The classification of parboiled rice into types can be optimized through the use of machine learning (ML) algorithms, resulting in greater speed and accuracy in data processing. The objectives of this study were: (i) to investigate the spectral behavior of different types of parboiled rice (Types 1-5 and Off-type); (ii) to identify the most effective ML algorithm for classifying parboiled rice types; (iii) to determine the best kernel configuration and preprocessing methods for spectral data; and (iv) to recommend a protocol for implementing this technique in the rice storage industry. Samples were selected based on the maximum defect limits tolerated for each type, according to the Technical Rice Regulation. Spectral data were acquired using a spectroradiometer in the range of 350-2500 nm and subsequently processed with different methods, including baseline correction, standard normal variate, multiplicative scattering correction, combinations of these techniques with Savitzky-Golay smoothing, and the application of the first derivative of Savitzky-Golay smoothing. The data were analyzed using six different ML algorithms: Artificial Neural Network, Decision Tree, Logistic Regression, REPTree, Random Forest, and Support Vector Machine. Rice types were treated as output variables, while spectral features served as input variables.

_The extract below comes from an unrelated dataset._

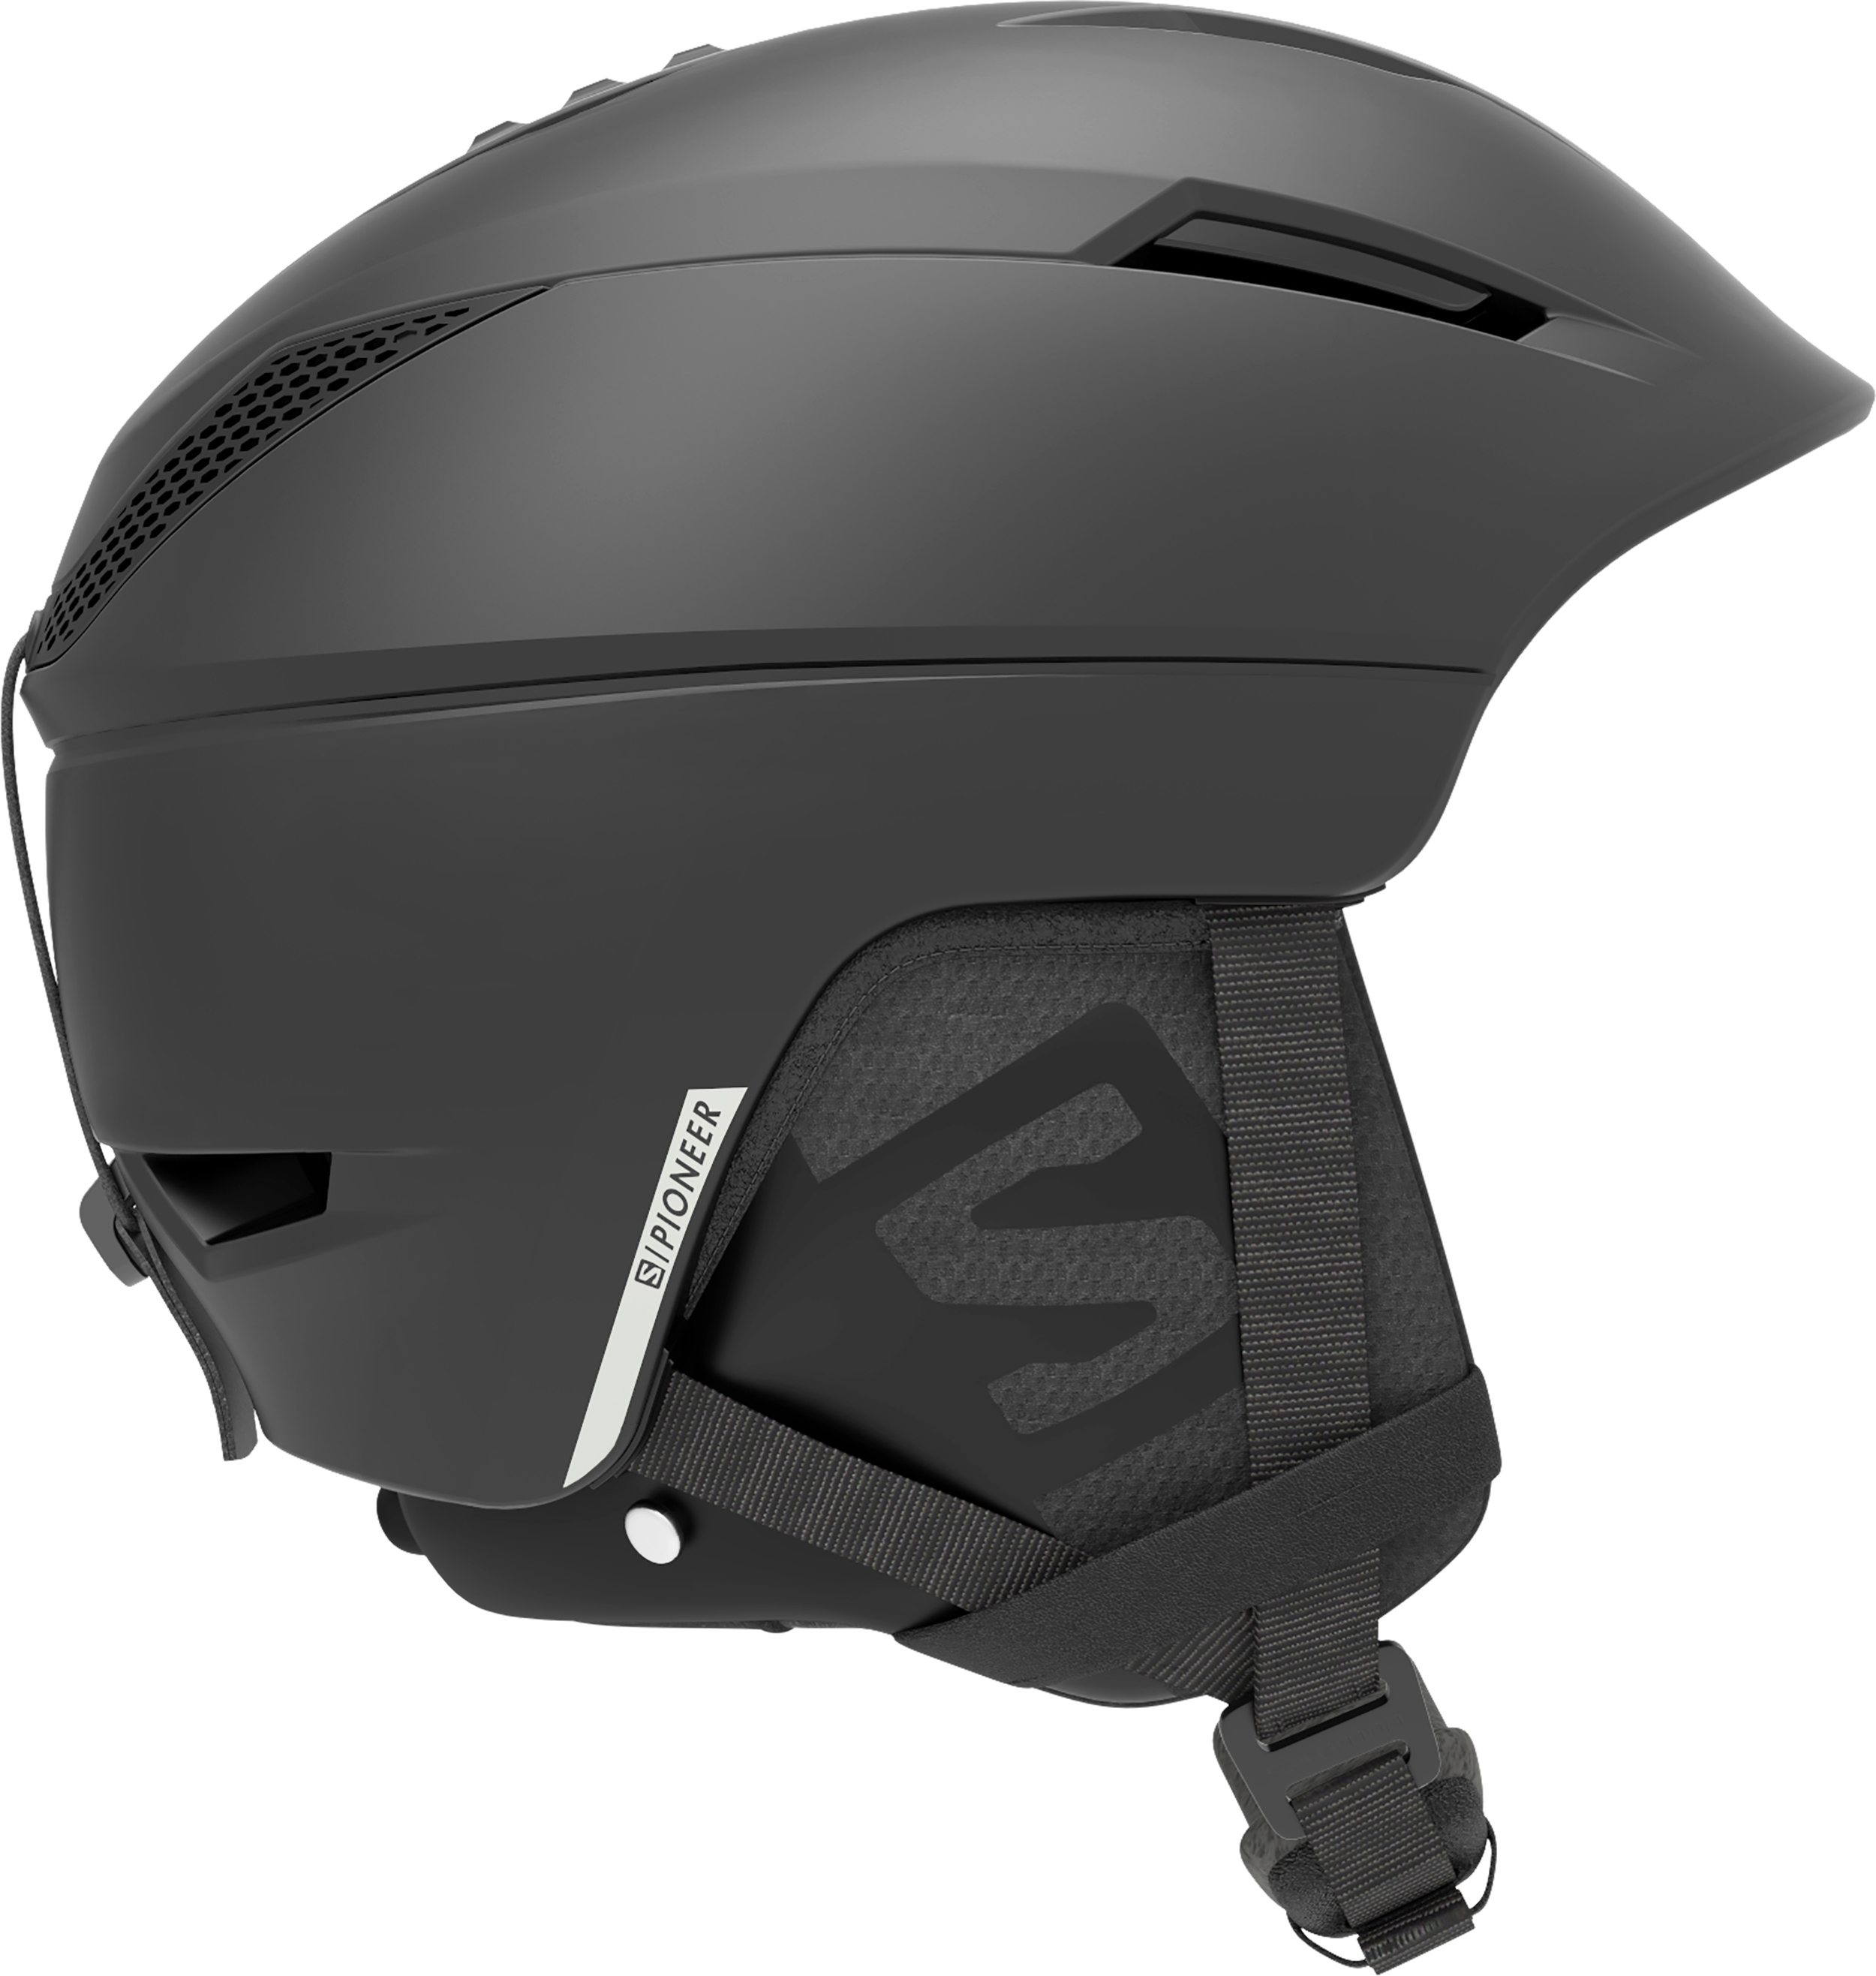 Salomon Pioneer C.Air MIPS Snowboard/Ski Helmet

Logistic Regression and Support Vector Machine algorithms showed the best classification performance, with accuracy rates above 97%, F-scores around 0.98, and Kappa values exceeding 0.97. Spectral preprocessing did not yield substantial improvements and incurred high computational costs; therefore, using raw data was a viable and efficient alternative. For practical implementation in the rice storage industry, we recommend acquiring a VNIR-SWIR (visible near-infrared and shortwave infrared) hyperspectral sensor (350-2500 nm) and developing a classification model based on the Support Vector Machine algorithm with a linear kernel trained on representative local samples. Additionally, we recommend implementing an automated real-time classification system, a representative sample collection protocol, and detailed reporting for inventory and logistics optimization.

Key words: Oryza sativa L., artificial intelligence, supervised classification, support vector machine, logistic regression

Nairiane dos Santos Bilhalva, Paulo Carteri Coradi, Rosana Santos de Moraes, Dthenifer Cordeiro Santana, Larissa Ribeiro Teodoro, Paulo Eduardo Teodoro, Marisa Menezes Leal. Physical and Physicochemical Classification of Parboiled Rice Using VNIR-SWIR Spectroscopy and Machine Learning[J]. Rice Science, 2025, 32(6): 857-867.

Figures/Tables 7

Fig. 1. Hyperspectral curve from Types 1-5 and Off-type of parboiled rice. A, Visible region (350-750 nm). B, Near-infrared region (750-1300 nm). C, Shortwave-infrared region (1300-1500 nm).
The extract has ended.